Елена Грозовская
Вита больше не дольче
Dolce vita – «сладкая жизнь»,
итальянский фразеологизм.
Ангел
1
От Пенягино надо повернуть направо и проехать ещё метров четыреста. На переезде, не доезжая здания Госкиноархива, сразу посмотреть направо. Вот тогда-то, всего пару секунд, в роще новостроек, складов Шоколадной фабрики будут видны два высоких дерева: дуб и липа.
Дед сажал. Давно. После войны. Пчёл прикармливать – липу, а дуб, потому что любил дубы и деревья вообще, и чтобы дом было видно с дороги.

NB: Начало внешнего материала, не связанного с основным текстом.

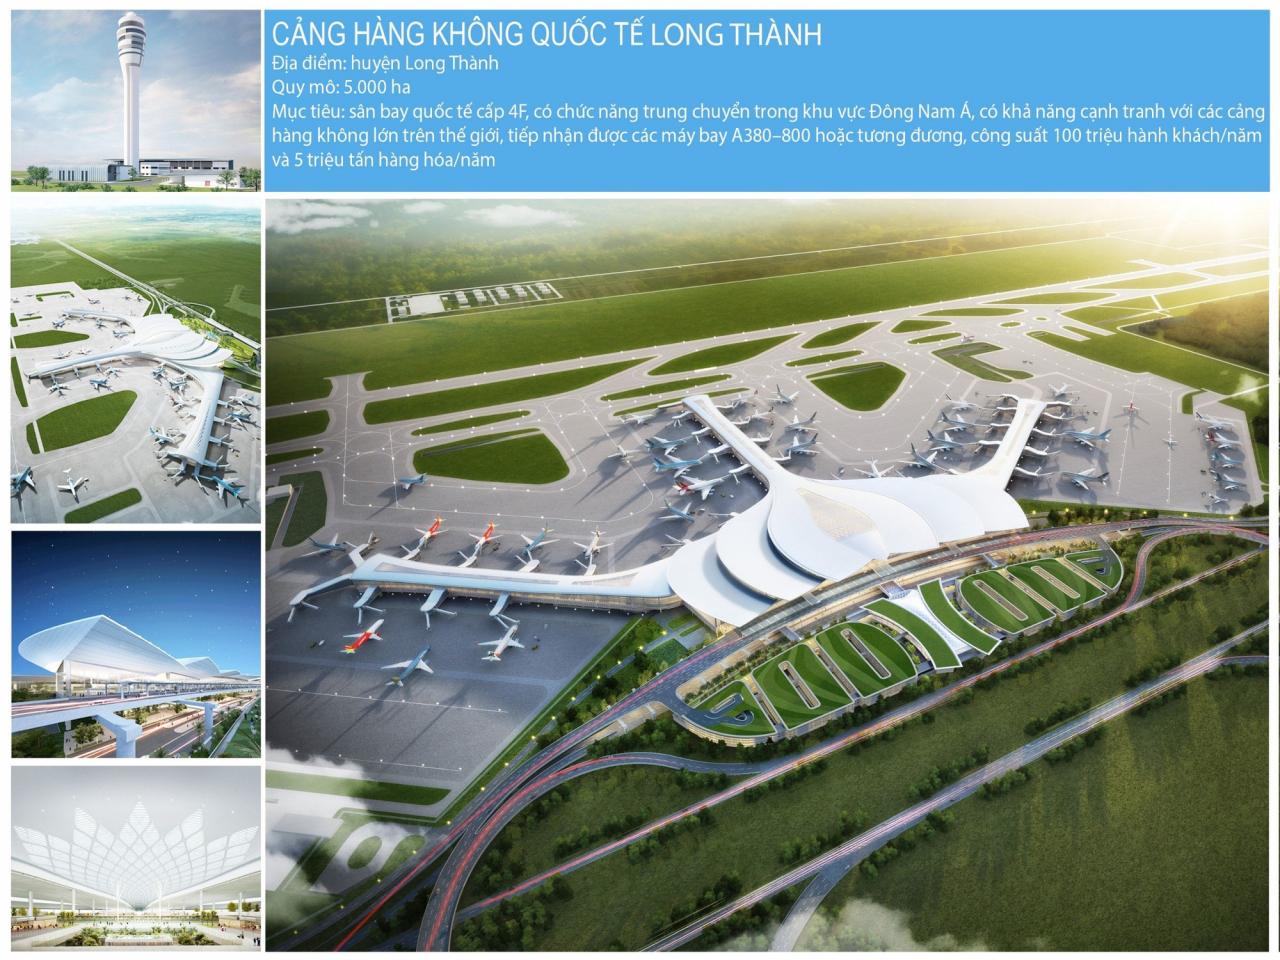 Mô hình sân bay Long Thành. Khu vực làm sân bay cũng là nơi được kỳ vọng tạo đọng lực phát triển kinh tế cho cả vùng - Ảnh: TL

Дуб рос на границе сада, а липа – у калитки. Теперь только они и остались – два дерева. Ни калитки, ни сада, ни дома – уже нет. И тропинка осталась, протоптанная миллионом следов: хромовых сапог и штиблетов деда; ботинок дяди Миши, Саши, Вали; ботиночек родных и двоюродных сестёр; туфель, босоножек, ботильонов, кед, гамаш, калош, валенок – бабушки, мамы, её подружек, тётки, тёткиных собутыльников, десятков жиличек из Медицинского училища, снимавших в доме комнаты, соседок, почтальонов, цыганок и двух воров, сбежавших из тюрьмы за переездом.
Тропинку за семьдесят лет жизни дома протоптали основательно. Вероятно, след от каблуков разной величины уходил под землю до слоя грунтовых вод, даже глубже, потому что колодец у калитки, из которого раньше мог напиться любой прохожий, идущий по дороге вдоль забора к речке или на старое кладбище, после смерти бабушки пересох. Затоптали живую водицу страждущие, идущие к Марии за солью, утешением, рублём, треской в морковном маринаде, яблочным сидром, ночлегом.
От калитки до тупиковой ветки железной дороги по узкой тропике – сто с половиной детских шагов. По железной дороге до шлагбаума у дома обходчицы, бабы Моти – сколько шагов, не знаю, а шпал, деревянных, просмоленных, вросших в просевшую насыпь – ровно двести девяносто восемь.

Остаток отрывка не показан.